# Connecting a computer to 2 TV's a long distance away



## Guest (Nov 27, 2007)

Hello,

This is my first post ever, so please take it easy on me if i make mistakes.

I was wondering if anyone can give me some feed back on what I would need to connect our Computer to two LCD TV’s for our arena facility to display the ice scheduling. The TV’s are in two separate locations and we already have the cat5 cable ran to each location that the TV’s will be.



* Here is the link to the specs sheet for the monitors.



http://www.sharp.ca/products/index.asp?cat=30&id=669&mod=specs&f=



I want to keep the digital feed throughout & The TV’s do not have a DVI input but do have the HDMI, VGA, S-video input.



I was thinking of the following:



Computer with a Dual DVI output Video Card / DVI to Cat5 Converter / Run feed to location through Cat5 / Cat5 to DVI converter / DVI to HDMI cable ran to TV.

The DVI to Cat5 converters can be very pricey plus I can not find a compatible Dual DVI Video card for this older computer.

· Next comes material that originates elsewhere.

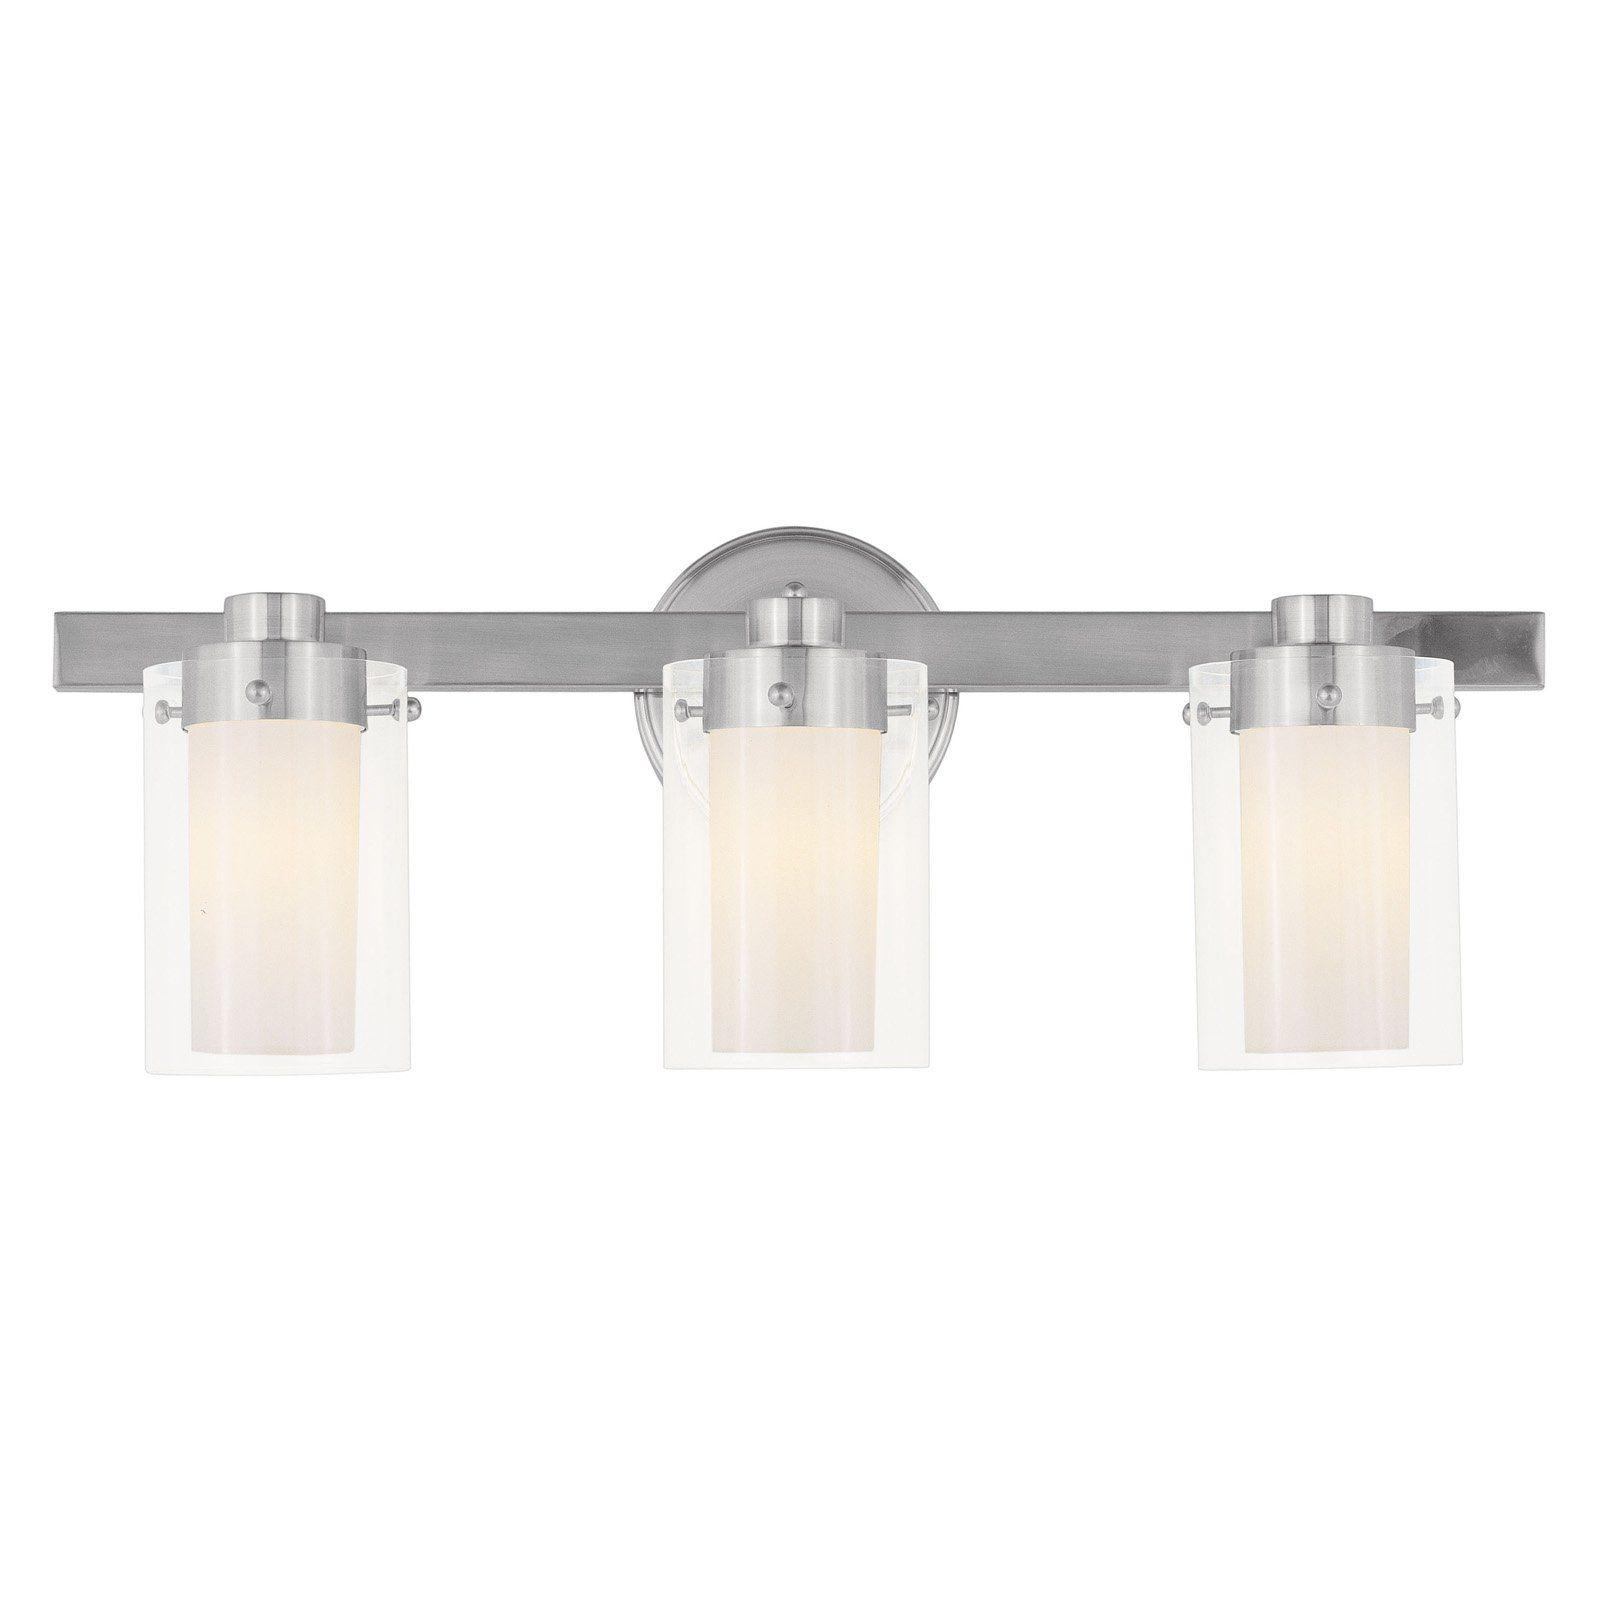 Photo of Livex Manhattan 1543-91 3-light bathroom wall light – 22.5 W in. – Brushed nickel

(I may have to update the computer)
IBM -Intel Pentium 4
1.8 GHz, 1.79 GHz, 512mb ram

(I would need to purchase a new video card for this computer) Dual-DVI output!! How much would that be? $$$

How about a VGA output from the computer to a point to multipoint transmitter running the cat5 to the receivers then vga to the tv's?

Just wondering wehat is the best way to do this?

** would a USB to DVI Converter work?

** would a USB to Cat5 Converter work?



Do you have any recommendations that may be more cost efficient?



Thanks,


----------



## mechman (Feb 8, 2007)

Babs,

Welcome to the Shack! Just about every video card sold nowadays has dual DVI outputs. Here's one for $99 after rebate. And as long as you have the cat5 there you might as well do it the way you talked about above. You don't want to have to do a new cable run. However if it's not a problem and it's not a huge distance I'd just get the cable length you need from Monoprice and make the run.

I have no experience utilizing any of the adapters you talk of. However, I have seen the cat5 ---> DVI in action at work and I can say it does work.

mech


----------